I am interested in your views on a tangent from the current discussion. Shorts state a belief that an IA was performed and they know the trial has failed, but continue to perpetuate a scam. This actually forms the basis of most short-side theory. This, however, cannot have happened, and forget SEC.
For this to have happened, it would have occurred before the August 2015 halt in new screening and here is where that argument falls apart. Investigators brochures must contain updated safety and lack of efficacy data. Evidence of lack of efficacy would require patient consents be updated which requires IRB approval. These policies are governed by regulators and are in accordance with Geneva Convention international law. If they had knowledge that the data showed lack of efficacy, then patients in screening would not have been put on drug prior to the changes being implemented and IRB approved. Same is true for any patient currently receiving active drug post-randomization. On top of that FDA lifted the halt in 2019, and a new trial involving all patients receiving DCVax with or without a combined previously failed therapy. Meanwhile LL promotes this trial to her colleagues and accepts referral patients.

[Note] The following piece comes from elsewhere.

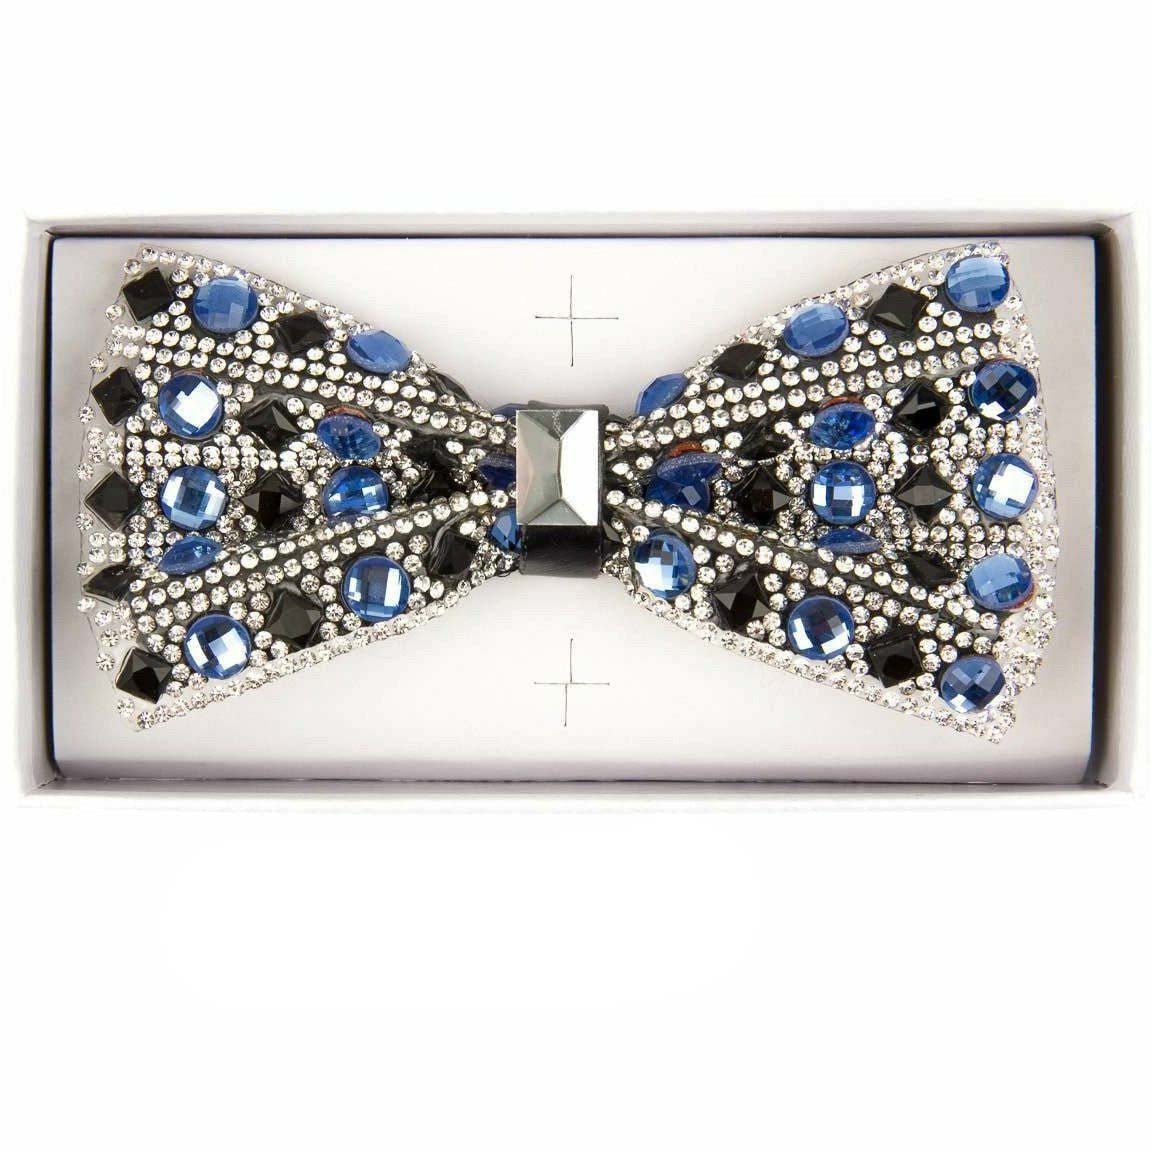 Vittorio Farina Jeweled Bow Tie by Classy Cufflinks - bj-05 - Classy Cufflinks

These are human clinical trials regulated by all 4 governments and not some experiment on rats in a lab.
This post should get a bookmark…thank you Lykiri, Senti, DD and Michael Bigger!
He won’t go away. He will just lay low a couple days before return to spout half-truths.
The mixng of fact and falsity is a trick that has been used for several years on this board. It makes the statements seem credible when they are not.
I will be laughing my way across the globe in early retirement.
Thanks for this intel, Senti. If they never had an SAP, you can pretty much assume FDA has had input on the one created after 2018.
On top of what you say, the company has stated multiple times that NO INTERIM EFFICACY ANALYSIS WAS EVER PERFORMED.
The bear thesis is absolute bunk, and by now they know it.
Longs need to ignore stock price and the psychological games they try to play with it.
As well, the study protocol changed in 20015. Therefore, the SAP needed to be finalized after 2015 at some time. Waiting for the study to complete makes the most sense.